In April, a bicameral congressional investigation concluded that oil and gas companies had engaged in PR campaigns to “confuse and mislead the public” about climate science while moving to ensure the future use of more fossil fuels.

“Big Oil’s deception campaign evolved from explicit denial of the basic science underlying climate change to deception, disinformation, and doublespeak,” the investigators found.

All of this adds to pressure on the PR firms and ad agencies that represent coal, oil and gas companies and their trade groups.

“Essentially every misleading thing that anyone thinks about climate change began with an ad agency or PR agency working with fossil fuels,” he said.

Meisel said Guterres’ speech is validating for people involved in a movement within the public relations industry who are trying to align their work with their values on climate change. He said the speech also sends a message to those firms that represent fossil fuel companies.

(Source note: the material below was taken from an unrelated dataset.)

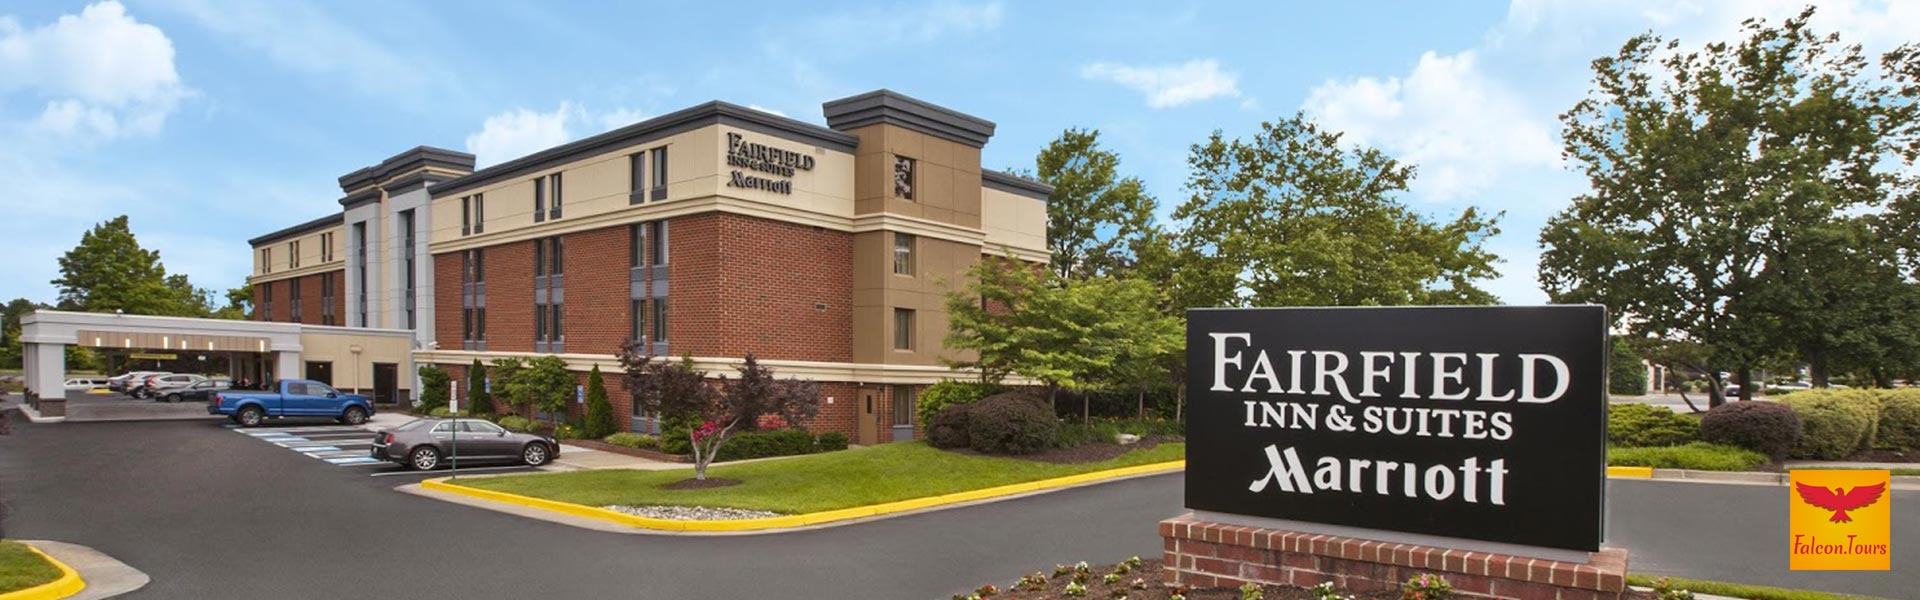 Falcon Cab & Falcon Tours - Call @ (703) 445-4450 - Fairfield Inn & Suites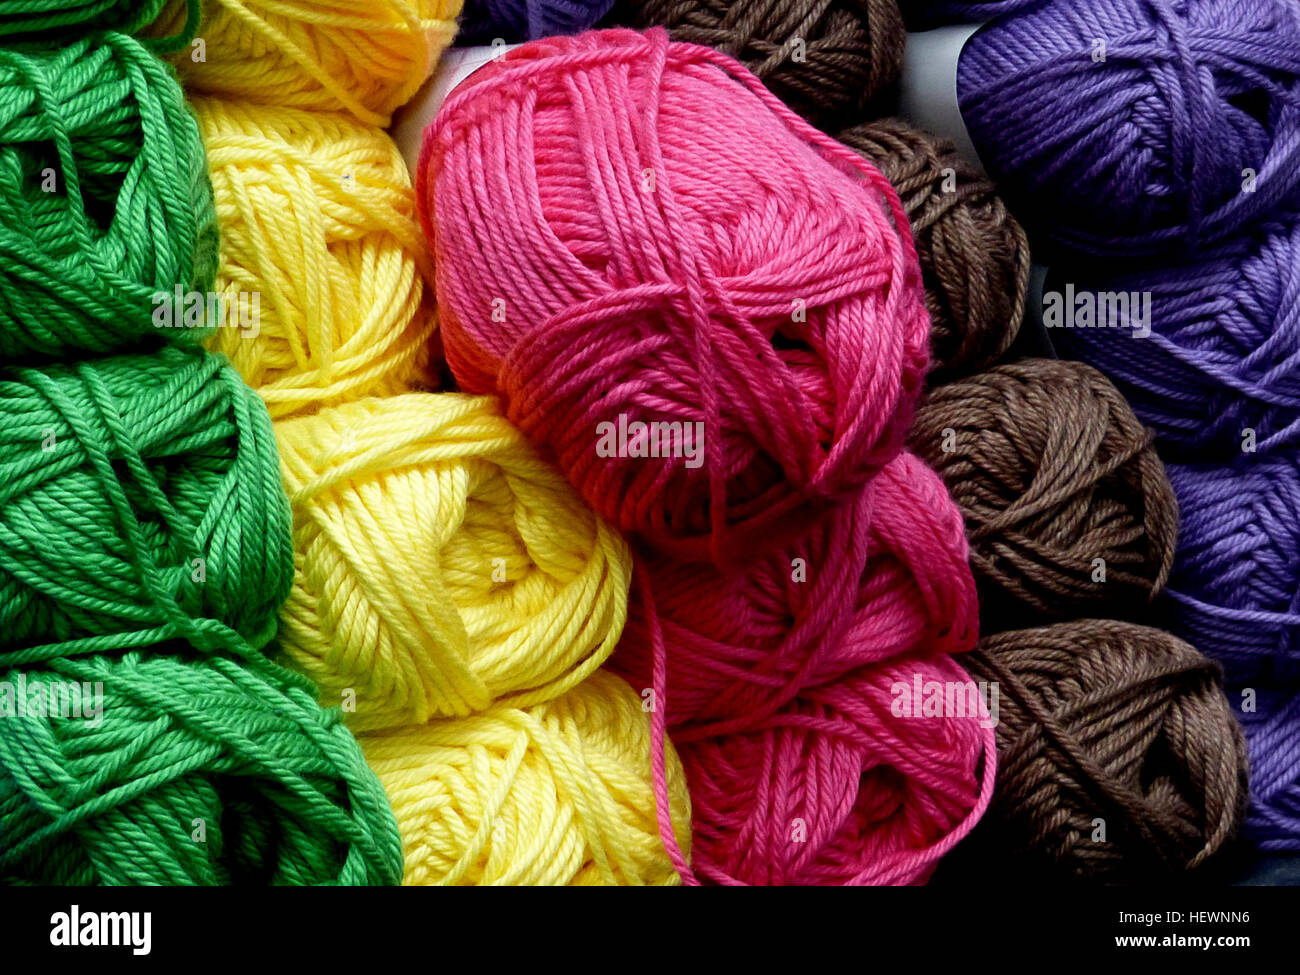 Weaving Yarn Types  Types of yarn, Yarn, Weaving yarn

“I think for them this is the sign that it’s time to plan to get out,” he said. “You may not be able to do it tomorrow, but this is the starting gun.”

Meisel said that more than 1,000 agencies in 64 countries have taken the group’s pledge. The largest PR firm on that list is Allison Worldwide, a San Francisco-based company that earns five of five stars on Newsweek‘s ranking of America’s Best Public Relations Agencies.

Allison’s Executive Vice President of Purpose Whitney Dailey told Newsweek that the decision to join the pledge last fall was motivated by both company values and business strategy.

“We are sending a signal to the marketplace and industry that you can do this, you can refuse work from oil, coal and gas and still be profitable,” Dailey said, adding that the pledge demonstrates their climate commitment to potential like-minded clients.

In his address, Guterres made a comparison to what are probably the most famous—if fictional—figures in advertising.

“[Fossil fuel companies] have been aided and abetted by advertising and PR companies, Mad Men—remember the TV series?—fueling the madness,” Guterres said, a reference to the popular long-running AMC series about a Madison Avenue advertising firm in the 1960s.

The Mad Men series finale found lead character Don Draper, a charismatic but morally conflicted ad man who had helped tobacco companies dodge health concerns, rethinking his life at a seaside meditation retreat. The climactic scene left open the question of whether Draper would mend his ways.

Dailey laughed at the Mad Men reference but also used it for a moment of reflection. As members of an industry designed to influence, she said, PR and advertising professionals have an important role to play in social issues like climate change.

“We have the literal ability to shape cultural conversations,” she said. “What type of conversations do we want to be shaping?”